Break out the hankies.

I know what’s going to happen in the rest of the story, and I know who needs to say what, and I know that’s it’s fucking good… what creation from nothing isn’t good? …outside of, say, Team Kaylie, on Netflix which I watch as one watches the slow motion smashing of a car being safety tested with crash-test dummies inside getting flung about here and there.

I watch this show. I do. I know, I know, but I still watch it. I can’t explain it. It’s like watching a Trump presser.

I’m thinking that the reason why I’m stalling, or hesitating, or procrastinating, or whatever…is that damn, those harrowing scenes, if I don’t get it right, it just becomes an absurd wasted exercise. I’m not sure. I’ve actually never written a screen play before. I’ve done skits, song parodies, and a crapload of academic writing, and the occasional poem, cuz you know, my Bachelor’s is in Writing Poetry after all…and goddammit if I don’t love good metaphors. They are preciously powerful things and I use them in my teaching all the time…that’s all I try to use.

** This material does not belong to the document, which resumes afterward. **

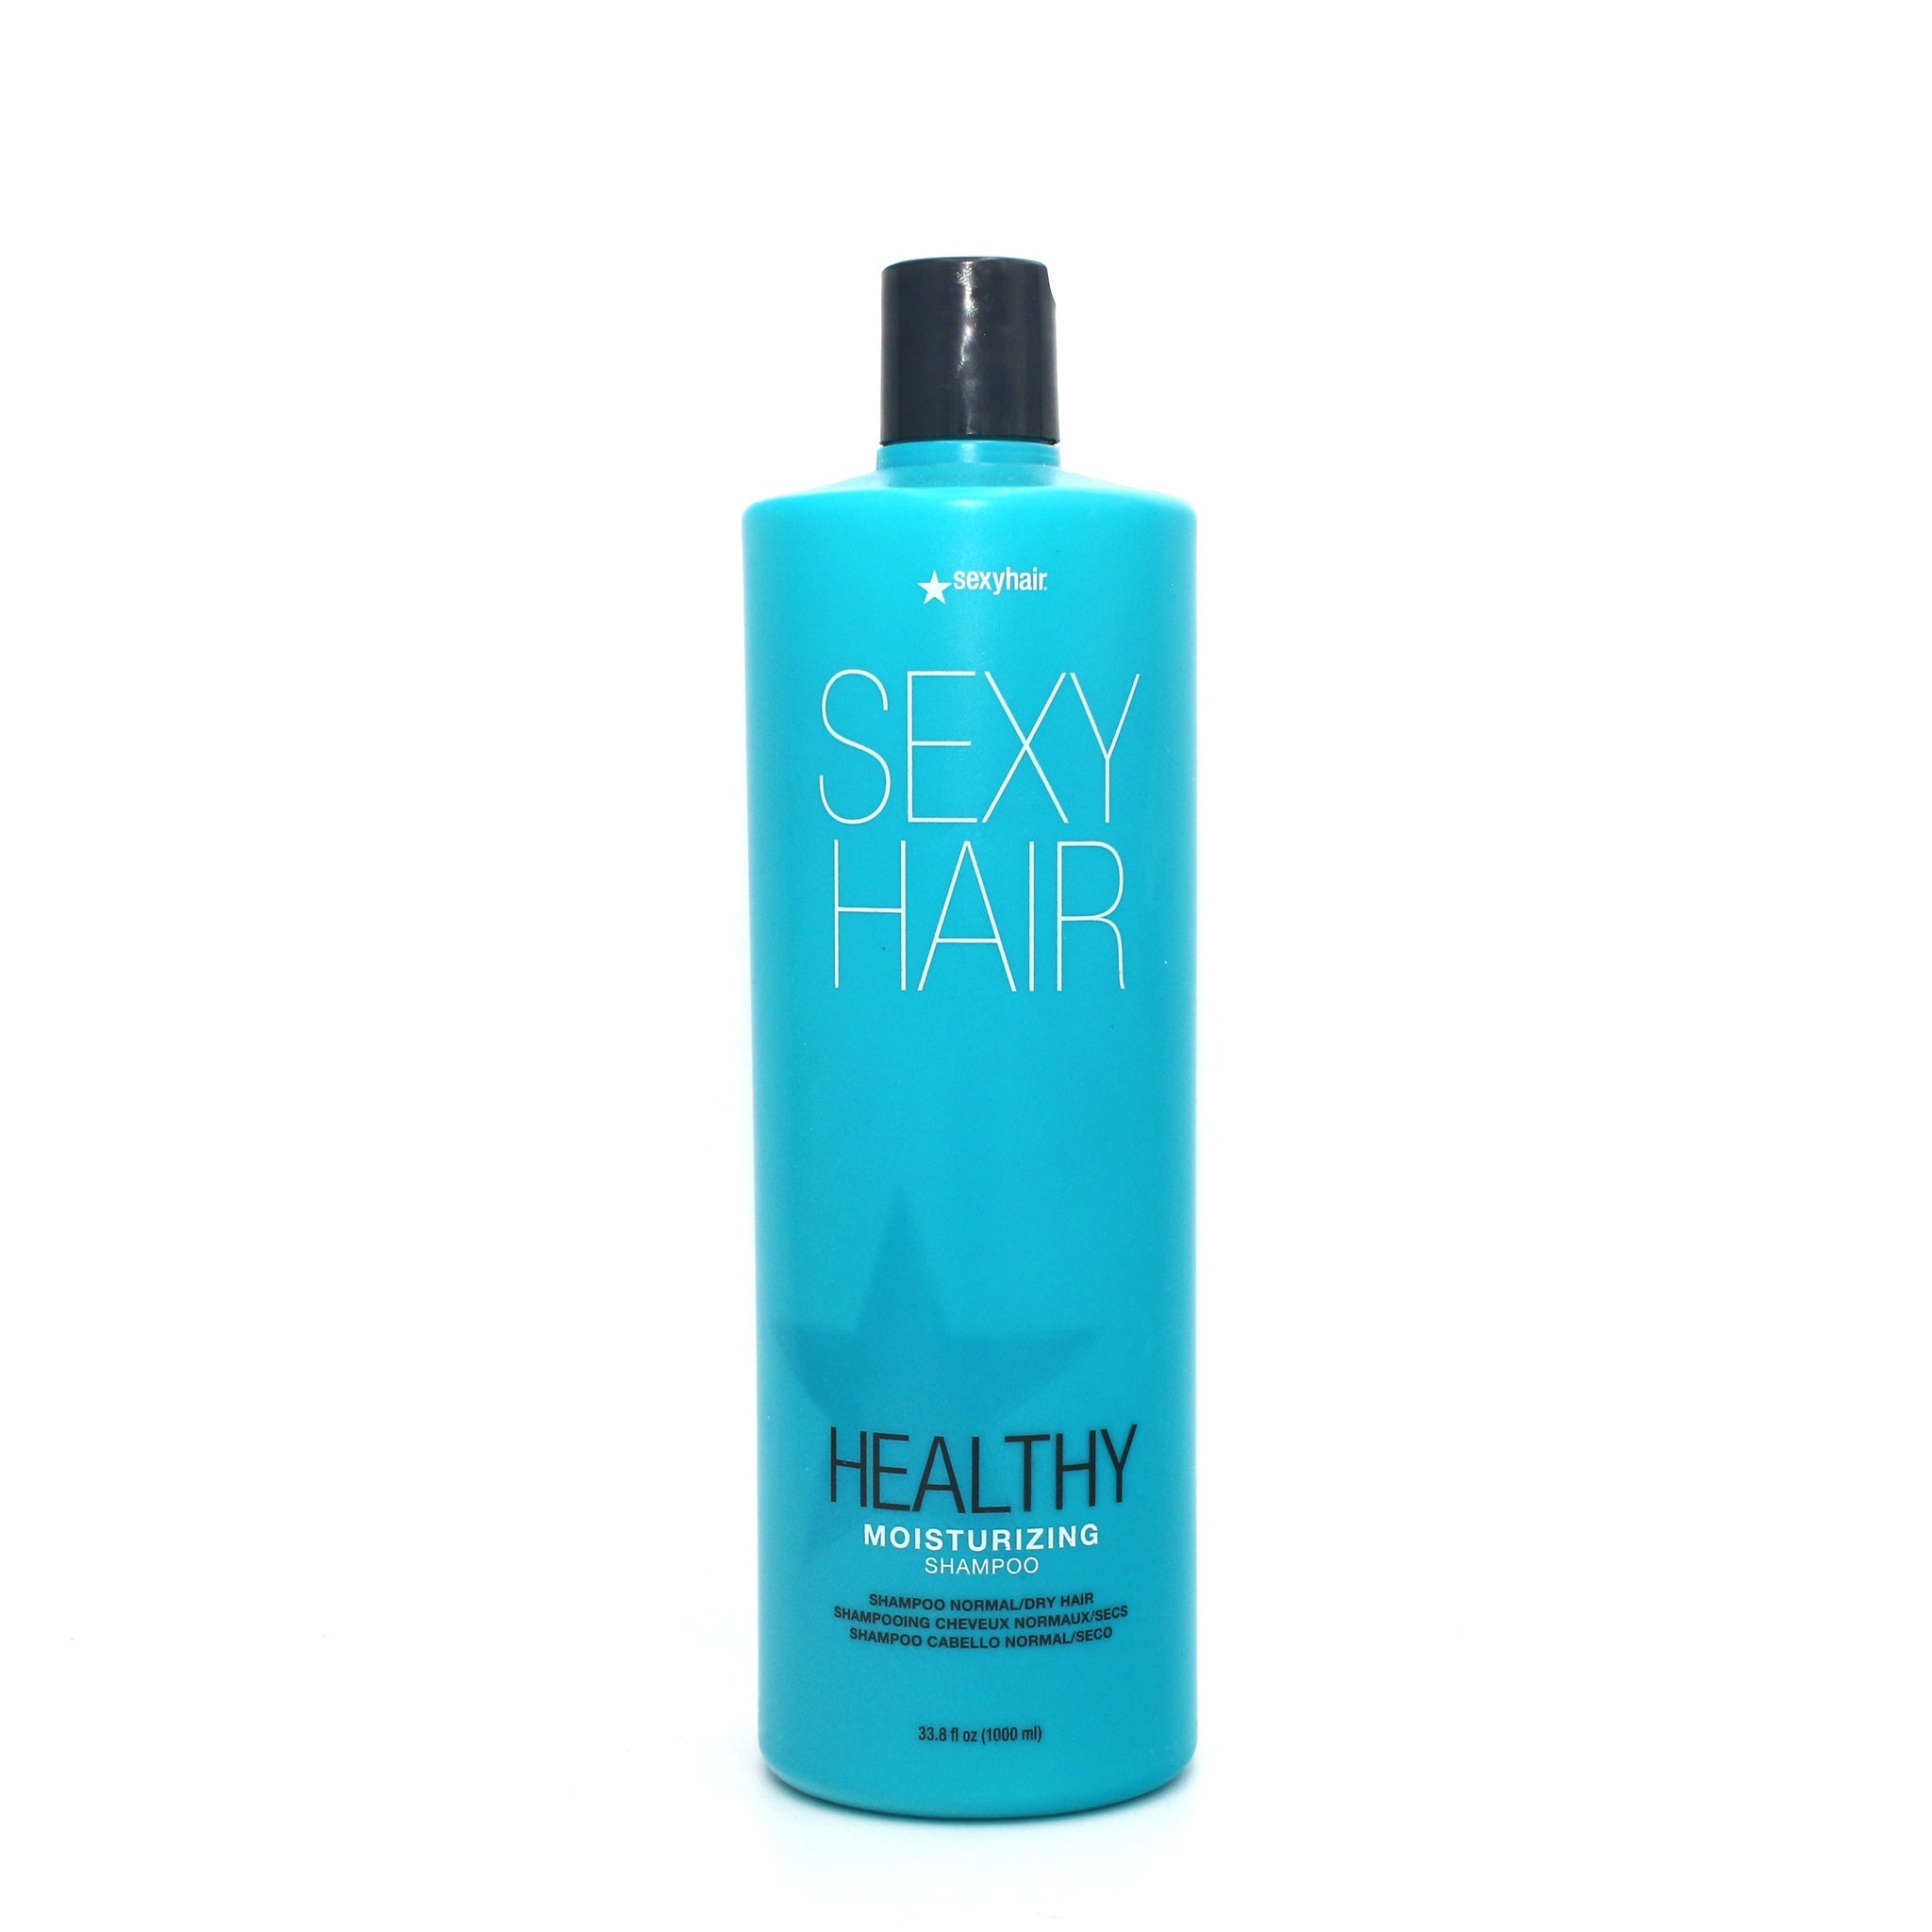 SEXY HAIR Healthy Moisturizing Shampoo 33.8 oz

Thing is, though, who is going to read my screen play when it’s done? Who’s going to critique it honestly, and look at it objectively and see if it has potential impact. But of course, it already has had its impact on me. I took a REALLY distant memory, fictionalized a shit-ton of it, and talked out loud to myself about all that stuff, and that the secret of the memory resides, now, with me, alone. The other two main players in that memory have passed, so I am its only herald left walking.

What to do? I need someone to un-Chaplin this, and explain why it needs un-Chaplining. FB friends, fam, acquaintances, and gamer-friends who I know next to nothing about…what say you?

Note: I’m not telling anyone anything about it until its done. Maybe I dropped some hints to a couple of people, but not much to anyone…or I also forgot who I mentioned it to during the feverish time I was writing what I could…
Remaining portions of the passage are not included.